Yoric commented 6 years ago

On my side, investigating #126.

Yoric commented 6 years ago

See also http://www.iaeng.org/publication/IMECS2009/IMECS2009_pp580-585.pdf (aka Lempel Ziv for trees).

kannanvijayan-zz commented 6 years ago

I have my (extremely hacky) js code here: https://github.com/kannanvijayan/ast_compress

Overall I just wanted to work from scratch to get an idea of the problem domain and a feel for the types of trees we see and what encoding "feels" like. I'm using an implicit grammar table, but with untyped fields (so all field values have to self-document their types or optionality status via null values, etc.)

My dictionary model is very simple: instead of a single dictionary I split it up across all possible depths. The dictionary uses an move-to-front LRU. Subtrees are added to the cache at the associated depth, on a post-order basis (i.e. we add a subtree after we have generated it). Backreferences are produced by searching through the dictionary at the "current" encode/decode depth, and a small window of relative depths around that depth.

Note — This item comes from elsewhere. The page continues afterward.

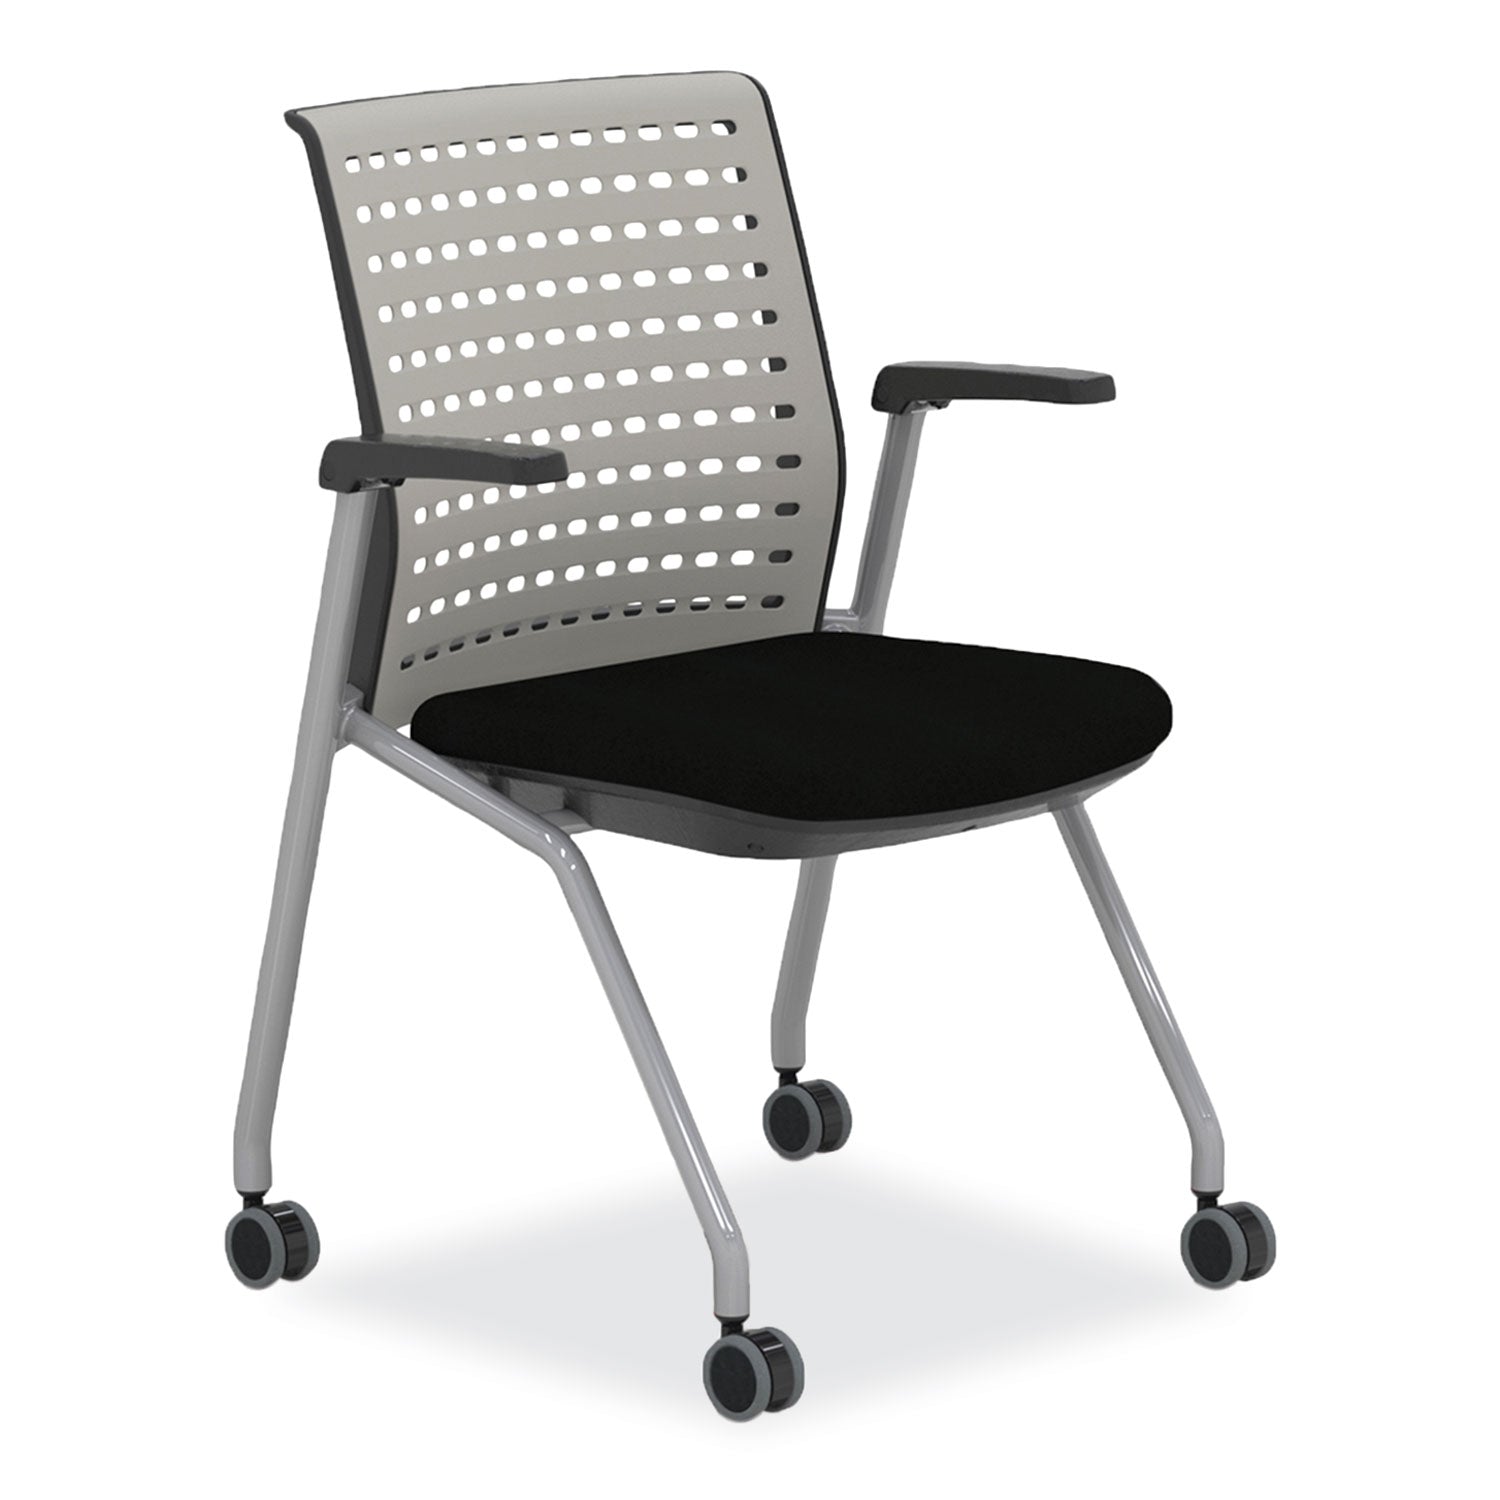 thesis-training-chair-w-static-back-and-arms-max-250-lb-18-high-black-seatgray-back-base2-ctships-in-1-3-business-days_safkts1sgblk - 1

Also, one crude aspect of the impementation is that I treat any differences in field values as causing a cut on the whole subtree (up to the type of the root node of the tree, which can still be referenced).

My results show compression on the raw minjs source, but the post-gzip story is still about 20-30% worse on average.

I also think there are bugs in my cost model because when I expand the sizes of the dictionaries, some files actually generate larger pre-gzip compressed output. This should definitely not happen and indicates that my cost model is making me pick templates that take up more space to encode than the optimal (and enlarging the caches is causing more opportunities for that to happen).

One key result I noticed is that on files with large object literals, my approach improves SIGNIFICANTLY over the reference encoder that Yoric has put up. I still haven't written up the run-length template encoding, and I expect this to give even better results on those structures.

Given that I'm somewhat familiar with the domain now, I'm switching to working directly on @Yoric's rust codebase. I'll implement the run-length template compression first on that and I hope that we can pick up a significant win that way.